Let us first assume that $0 < \mu < \nu$ so that the integral $$ \int_{0}^{\infty} \frac{x^{\mu-1}}{1+x^{\nu}} \; dx $$ converges absolutely. By the substitution $x = \tan^{2/\nu} \theta$, we have $$ \frac{dx}{1+x^{\nu}} = \frac{2}{\nu} \tan^{(2/\nu)-1} \theta \; d\theta. $$ Thus $$ \begin{align*} \int_{0}^{\infty} \frac{x^{\mu-1}}{1+x^{\nu}} \; dx & = \int_{0}^{\frac{\pi}{2}} \frac{2}{\nu} \tan^{\frac{2\mu}{\nu}-1} \theta \; d\theta \\ & = \frac{1}{\nu} \beta \left( \frac{\mu}{\nu}, 1 - \frac{\mu}{\nu} \right) \\ & = \frac{1}{\nu} \Gamma \left( \frac{\mu}{\nu} \right) \Gamma \left( 1 - \frac{\mu}{\nu} \right) \\ & = \frac{\pi}{\nu} \csc \left( \frac{\pi \mu}{\nu} \right), \end{align*} $$ where the last equality follows from Euler reflexion formula.
The general formula (for $m > n+1$ and $n \ge 0$) is $\frac{\pi}{m} \csc\left(\frac{\pi (n+1)}{m}\right)$. IIRC the usual method involves a wedge-shaped contour of angle $2 \pi/m$.
EDIT: Consider $\oint_\Gamma f(z)\ dz$ where $f(z) = \frac{z^n}{1+z^m}$ (using the principal branch if $m$ or $n$ is a non-integer) and $\Gamma$ is the closed contour below:
$\Gamma_1$ goes to the right along the real axis from $\epsilon$ to $R$, so $\int_{\Gamma_1} f(z)\ dz = \int_\epsilon^R \frac{x^n\ dx}{1+x^m}$. $\Gamma_3$ comes in along the ray at angle $2 \pi/m$. Since $e^{(2 \pi i/m) m} = 1$, $\int_{\Gamma_3} f(z)\ dz = - e^{2 \pi i (n+1)/m} \int_{\Gamma_1} f(z)\ dz$. $\Gamma_2$ is a circular arc at distance $R$ from the origin.
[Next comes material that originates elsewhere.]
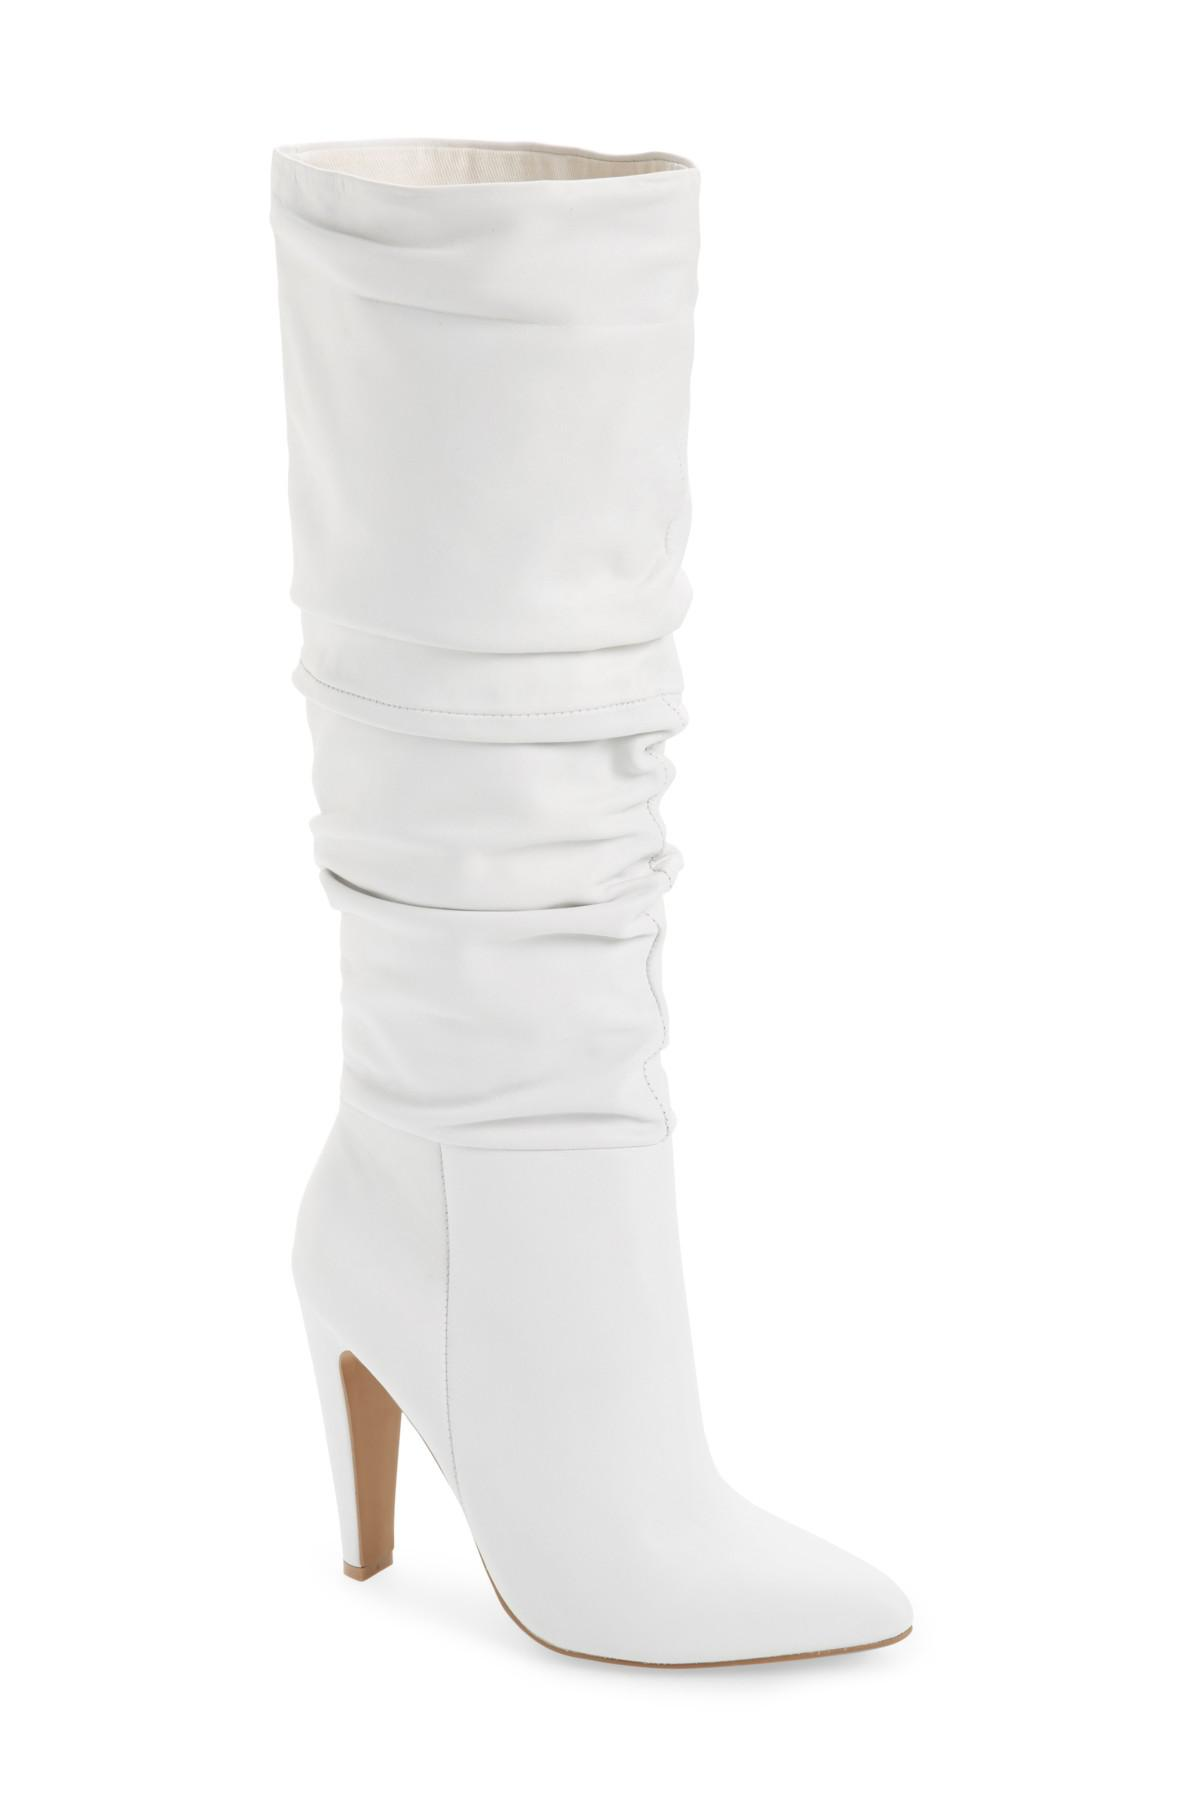 d4ec742515d Steve Madden Carrie Slouchy Boot in White - Lyst
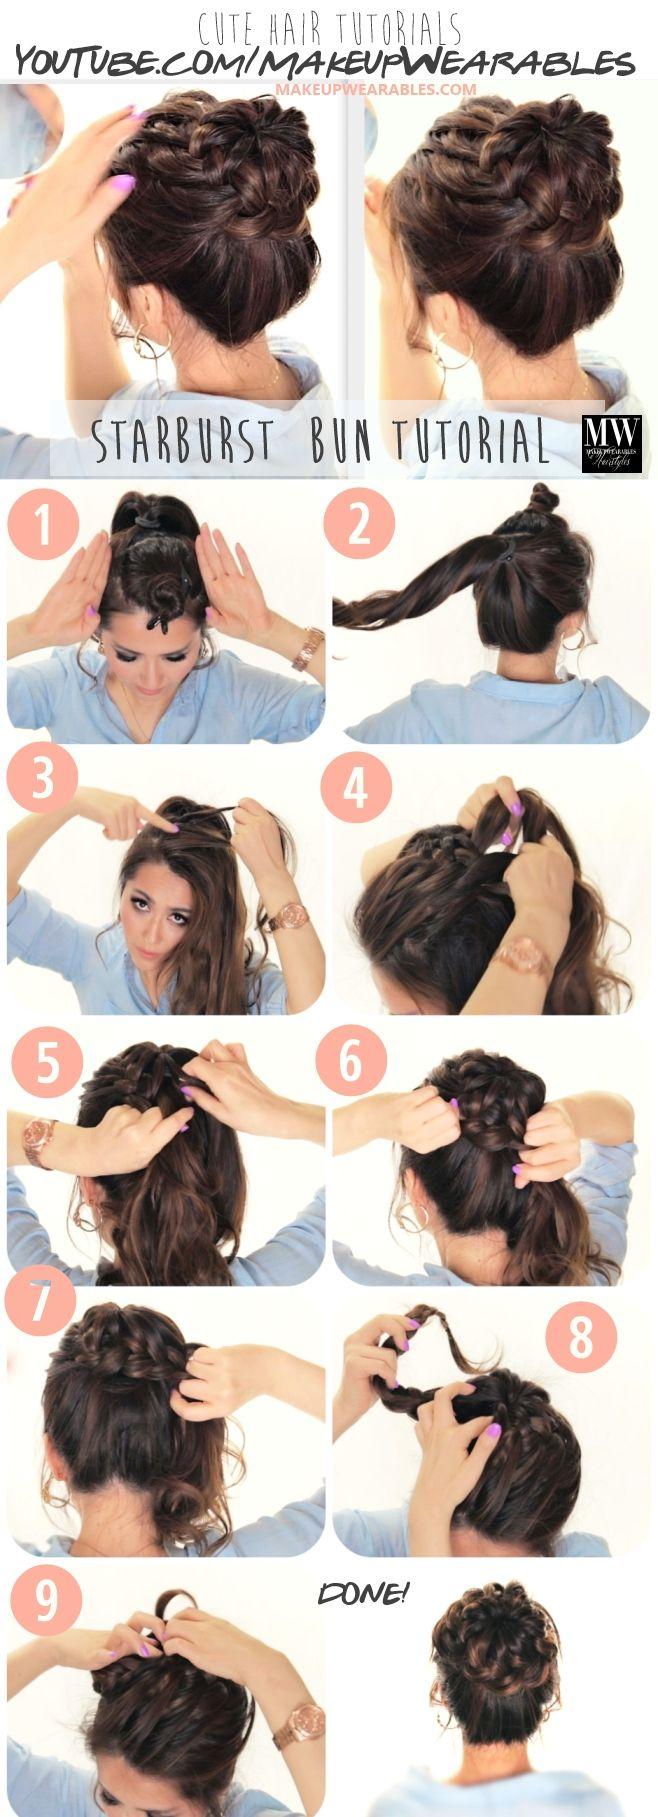 Enjoyable 1000 Ideas About Starburst Braid On Pinterest Braids Braided Hairstyles For Women Draintrainus

Since $m > n+1$, the integral over it goes to $0$ as $R \to \infty$. Similarly, the integral over the small circular arc at distance $\epsilon$ goes to $0$ as $\epsilon \to 0$. So we get
$$ \lim_{R \to \infty, \epsilon \to 0} \int_\Gamma f(z)\ dz = (1 - e^{2 \pi i (n+1)/m}) \int_0^\infty \frac{x^n\ dx}{1+x^m}$$
The meromorphic function $f(z)$ has one singularity inside $\Gamma$, a pole at $z = e^{\pi i/m}$ where the residue is $- e^{\pi i (n+1)/m}/m$. So the residue theorem gives you
$$ \int_0^\infty \frac{x^n\ dx}{1+x^m} = \frac{- 2 \pi i e^{\pi i (n+1)/m}}{ m (1 - e^{2 \pi i (n+1)/m})} = \frac{\pi}{m} \csc\left(\frac{\pi(n+1)}{m}\right)$$
Contour Integration Approach
Assuming only that $m>0$ and $-1<n<m-1$, let $z=x^m$ with the exaggerated contour $\gamma$:
$\hspace{4.5cm}$
$\gamma$ is actually tight above and below the positive real axis and around the origin and circles back at an arbitrarily large distance from the origin.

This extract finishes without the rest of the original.